● PROBLEM
What you return must be an exact copy of the lines in the listing below between the line holding "Kraussevent.de - Website" and the line holding "Dizajnová biela tabuľa – Chameleon", inclusive, and nothing more.

● DATA TO USE
=== Section Start ===

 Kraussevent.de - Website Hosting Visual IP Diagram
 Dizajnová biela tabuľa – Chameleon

=== Section End ===
=== Section Start ===

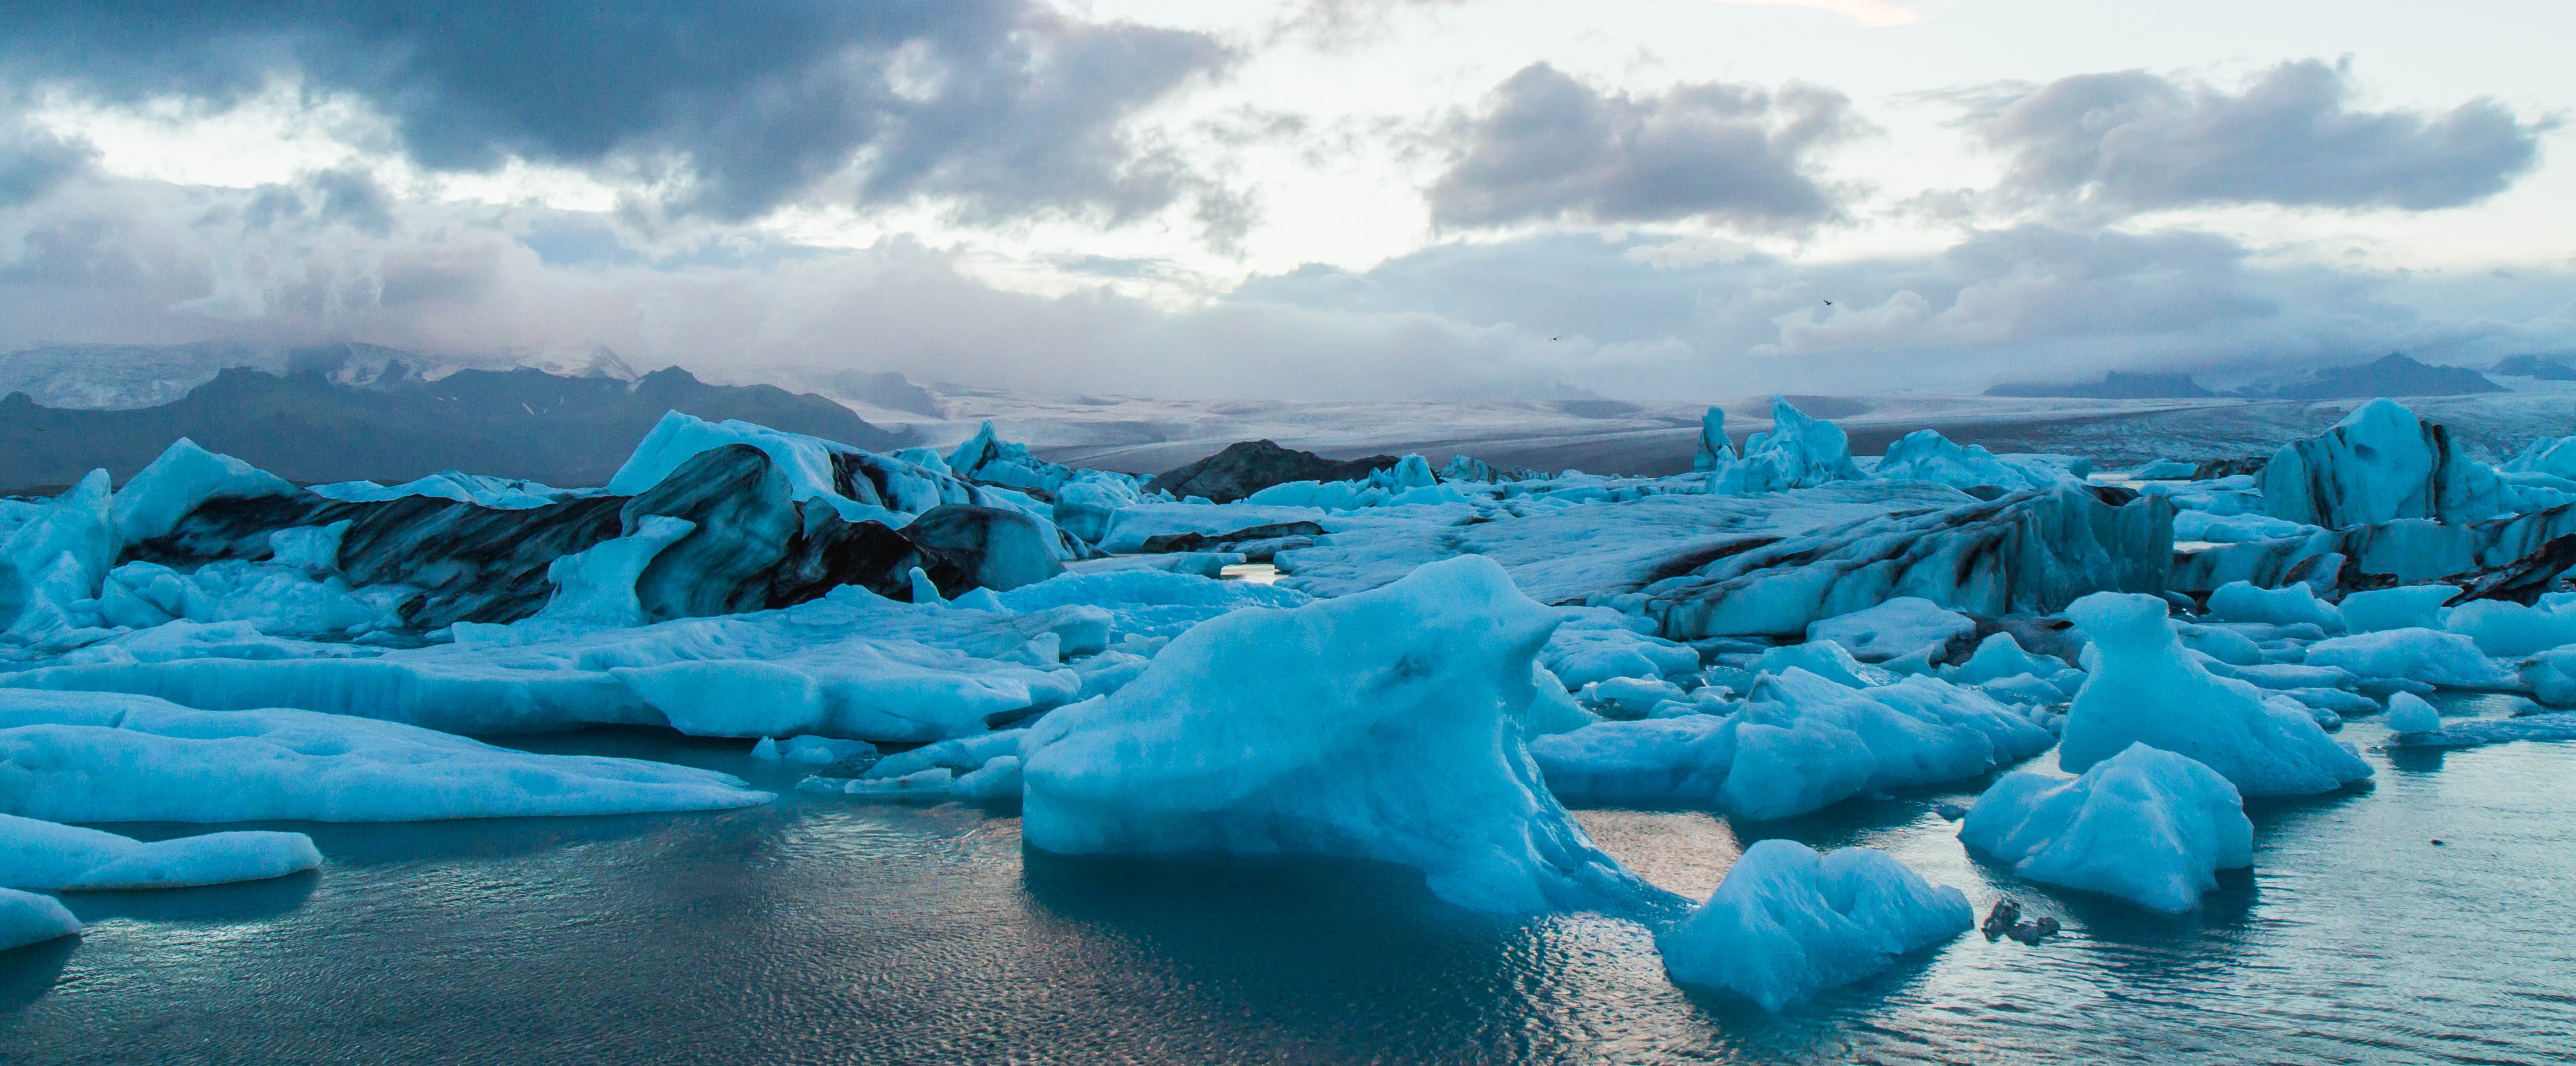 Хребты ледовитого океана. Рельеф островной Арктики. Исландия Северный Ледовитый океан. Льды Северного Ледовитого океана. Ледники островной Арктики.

=== Section End ===

● EXERCISE SOLUTION
 Kraussevent.de - Website Hosting Visual IP Diagram
 Dizajnová biela tabuľa – Chameleon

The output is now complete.